The argument dims is a dictionary with the dimensions of the cones. It has three fields.

dims['l']:
$$l$$, the dimension of the nonnegative orthant (a nonnegative integer).
dims['q']:
$$[r_0, \ldots, r_{M-1}]$$, a list with the dimensions of the second-order cones (positive integers).
dims['s']:
$$[t_0, \ldots, t_{N-1}]$$, a list with the dimensions of the positive semidefinite cones (nonnegative integers).

The default value of dims is {'l': h.size[0], 'q': [], 's': []}, i.e., the default assumption is that the linear inequalities are componentwise inequalities.

The role of the optional argument kktsolver is explained in the section Exploiting Structure.

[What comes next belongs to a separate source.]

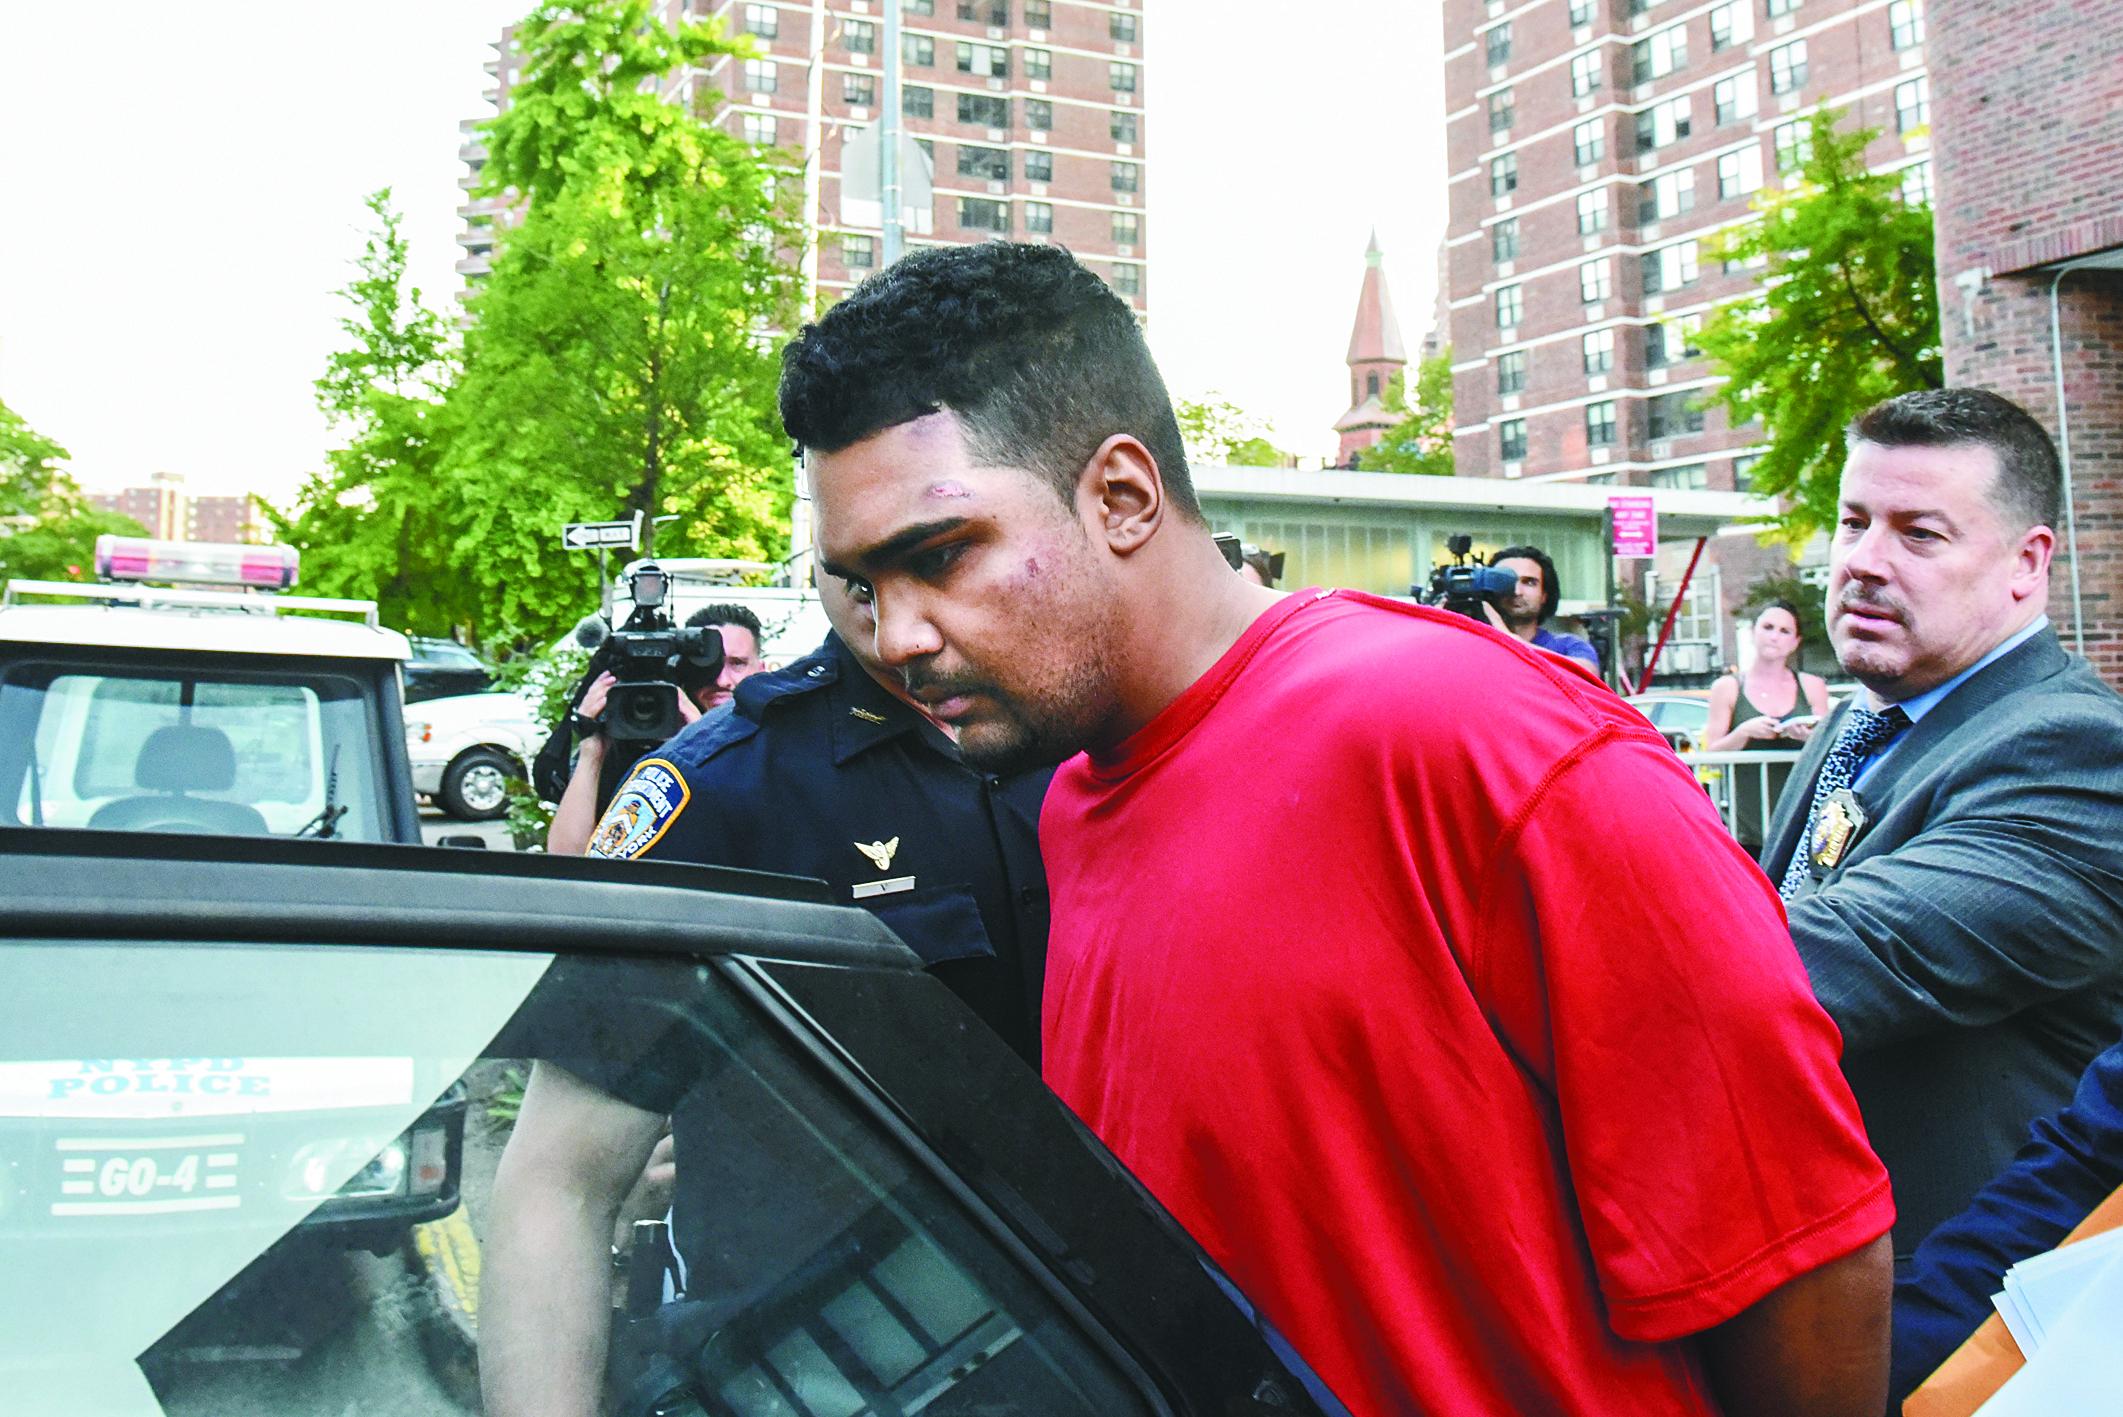 圖為嫌犯Rojas在盤問後帶出警局移送檢方。(路透)

cpl returns a dictionary that contains the result and information about the accuracy of the solution. The most important fields have keys 'status', 'x', 'snl', 'sl', 'y', 'znl', 'zl'. The possible values of the 'status' key are:

'optimal'

In this case the 'x' entry of the dictionary is the primal optimal solution, the 'snl' and 'sl' entries are the corresponding slacks in the nonlinear and linear inequality constraints, and the 'znl', 'zl', and 'y' entries are the optimal values of the dual variables associated with the nonlinear inequalities, the linear inequalities, and the linear equality constraints. These vectors approximately satisfy the Karush-Kuhn-Tucker (KKT) conditions

$c + Df(x)^T z_\mathrm{nl} + G^T z_\mathrm{l} + A^T y = 0,$$f(x) + s_\mathrm{nl} = 0, \quad k=1,\ldots,m, \qquad Gx + s_\mathrm{l} = h, \qquad Ax = b,$$s_\mathrm{nl}\succeq 0, \qquad s_\mathrm{l}\succeq 0, \qquad z_\mathrm{nl} \succeq 0, \qquad z_\mathrm{l} \succeq 0,$$s_\mathrm{nl}^T z_\mathrm{nl} + s_\mathrm{l}^T z_\mathrm{l} = 0.$
'unknown'
This indicates that the algorithm terminated before a solution was found, due to numerical difficulties or because the maximum number of iterations was reached. The 'x', 'snl', 'sl', 'y', 'znl', and 'zl' entries contain the iterates when the algorithm terminated.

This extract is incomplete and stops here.